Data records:
------------------------------------

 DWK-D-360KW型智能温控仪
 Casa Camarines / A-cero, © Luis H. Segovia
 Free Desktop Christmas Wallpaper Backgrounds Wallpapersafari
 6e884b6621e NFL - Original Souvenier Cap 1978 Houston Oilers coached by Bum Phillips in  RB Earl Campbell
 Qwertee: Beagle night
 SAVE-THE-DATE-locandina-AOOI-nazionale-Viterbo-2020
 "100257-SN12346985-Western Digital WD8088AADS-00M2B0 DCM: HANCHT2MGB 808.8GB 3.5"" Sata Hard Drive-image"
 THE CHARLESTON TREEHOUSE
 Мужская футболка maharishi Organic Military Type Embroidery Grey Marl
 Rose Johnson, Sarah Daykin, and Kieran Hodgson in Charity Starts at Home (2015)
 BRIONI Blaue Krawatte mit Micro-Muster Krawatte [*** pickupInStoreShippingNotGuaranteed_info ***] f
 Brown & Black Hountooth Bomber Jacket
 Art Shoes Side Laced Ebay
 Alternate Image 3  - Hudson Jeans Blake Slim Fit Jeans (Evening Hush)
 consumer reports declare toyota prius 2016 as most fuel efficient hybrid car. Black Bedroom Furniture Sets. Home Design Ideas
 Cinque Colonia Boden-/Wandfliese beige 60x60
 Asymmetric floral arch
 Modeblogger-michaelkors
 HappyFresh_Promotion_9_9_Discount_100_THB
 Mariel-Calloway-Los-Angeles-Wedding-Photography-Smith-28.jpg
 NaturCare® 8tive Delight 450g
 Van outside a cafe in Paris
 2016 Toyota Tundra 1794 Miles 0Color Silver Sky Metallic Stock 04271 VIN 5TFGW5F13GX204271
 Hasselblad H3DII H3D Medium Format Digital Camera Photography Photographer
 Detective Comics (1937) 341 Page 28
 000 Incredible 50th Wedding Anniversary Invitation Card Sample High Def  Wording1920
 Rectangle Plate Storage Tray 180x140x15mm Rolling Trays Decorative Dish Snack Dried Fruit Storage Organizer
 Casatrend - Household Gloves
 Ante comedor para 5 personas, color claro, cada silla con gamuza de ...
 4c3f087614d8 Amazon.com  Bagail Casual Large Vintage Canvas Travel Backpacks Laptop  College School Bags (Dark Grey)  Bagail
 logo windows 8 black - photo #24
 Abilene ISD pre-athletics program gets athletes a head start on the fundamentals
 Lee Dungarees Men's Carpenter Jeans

------------------------------------

* [WHAT YOU WILL DO]:
Each line in the entries above, starting at the line with "Asymmetric floral arch" and ending at the line with "000 Incredible 50th", is to be printed exactly, and only those lines.

* [REPLY]:
 Asymmetric floral arch
 Modeblogger-michaelkors
 HappyFresh_Promotion_9_9_Discount_100_THB
 Mariel-Calloway-Los-Angeles-Wedding-Photography-Smith-28.jpg
 NaturCare® 8tive Delight 450g
 Van outside a cafe in Paris
 2016 Toyota Tundra 1794 Miles 0Color Silver Sky Metallic Stock 04271 VIN 5TFGW5F13GX204271
 Hasselblad H3DII H3D Medium Format Digital Camera Photography Photographer
 Detective Comics (1937) 341 Page 28
 000 Incredible 50th Wedding Anniversary Invitation Card Sample High Def  Wording1920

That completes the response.